2025-08 monthly summary for pytorch/pytorch: This period delivered substantial progress on the Metal (MPS) backend and macOS integration, including broader data type support and indexing capabilities, targeted indexing correctness fixes, and runtime API enhancements. We also advanced benchmarking, CI, and build stability for macOS, and resolved key correctness bugs on scalar tensors. The work improves performance, stability, and hardware utilization on Apple devices, enabling more reliable model training and inference on Metal-backed GPUs.
July 2025 monthly performance summary focused on Metal backend improvements, MPS indexing enhancements, and reliability fixes, with strong emphasis on performance, stability, and developer experience for the pytorch/pytorch project. Delivered platform-wide code quality improvements, expanded atomic operations, and improved input validation to reduce runtime errors and improve user-facing reliability on Apple hardware and large tensor workloads.
July 2025 monthly performance summary focused on Metal backend improvements, MPS indexing enhancements, and reliability fixes, with strong emphasis on performance, stability, and developer experience for the pytorch/pytorch project. Delivered platform-wide code quality improvements, expanded atomic operations, and improved input validation to reduce runtime errors and improve user-facing reliability on Apple hardware and large tensor workloads.
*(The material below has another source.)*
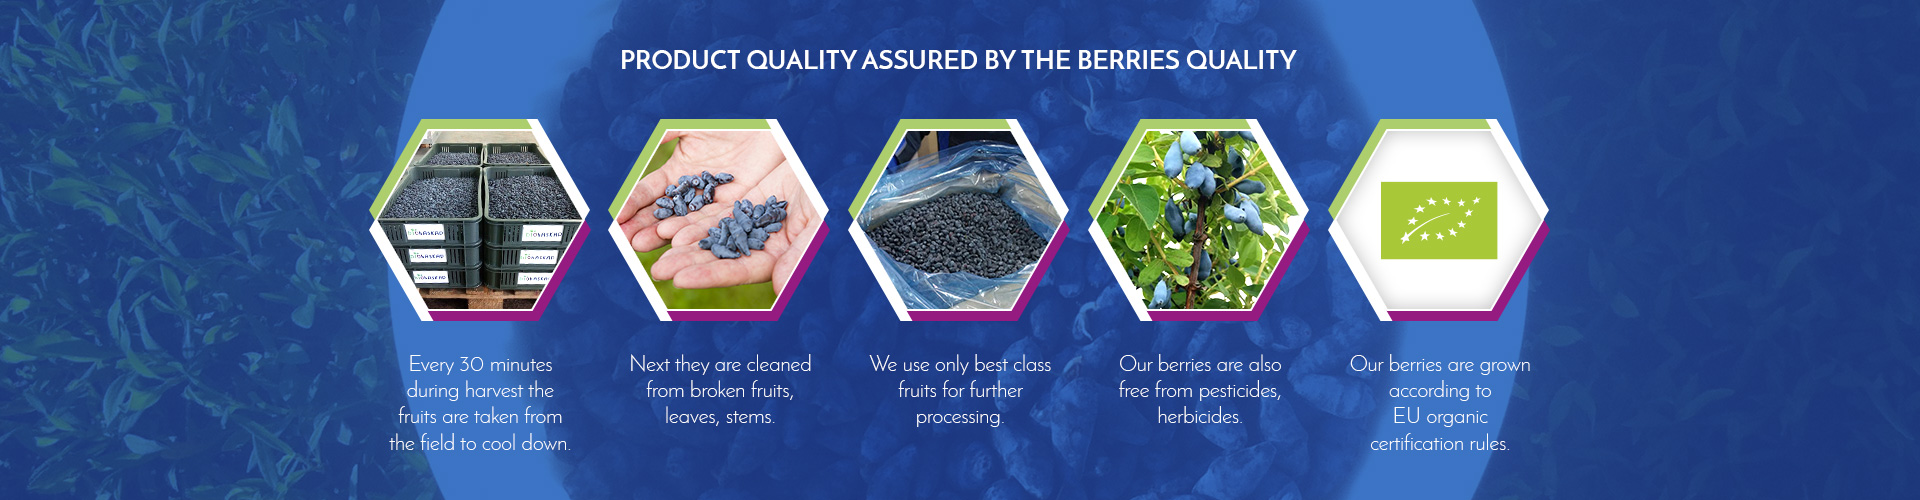 Product IQF organic haskap berry Nutracevit graph2

June 2025: Metal/MPS backend enhancements delivering major feature completions, targeted bug fixes, and performance gains for PyTorch on Apple hardware.
June 2025: Metal/MPS backend enhancements delivering major feature completions, targeted bug fixes, and performance gains for PyTorch on Apple hardware.
May 2025: Metal backend enhancements with codegen improvements for MacOS delivering faster, more reliable Metal workloads; runtime robustness improvements with optional TensorPipe support and safer import flow; CI/build system cleanup accelerating pipelines and reducing maintenance by alphabetizing dependencies, macOS ARM64 workflow cleanups, and moving from conda to pip. Key outcomes include improved Mac performance, safer deployment without TensorPipe, and faster, more reliable builds across the repository.
May 2025: Metal backend enhancements with codegen improvements for MacOS delivering faster, more reliable Metal workloads; runtime robustness improvements with optional TensorPipe support and safer import flow; CI/build system cleanup accelerating pipelines and reducing maintenance by alphabetizing dependencies, macOS ARM64 workflow cleanups, and moving from conda to pip. Key outcomes include improved Mac performance, safer deployment without TensorPipe, and faster, more reliable builds across the repository.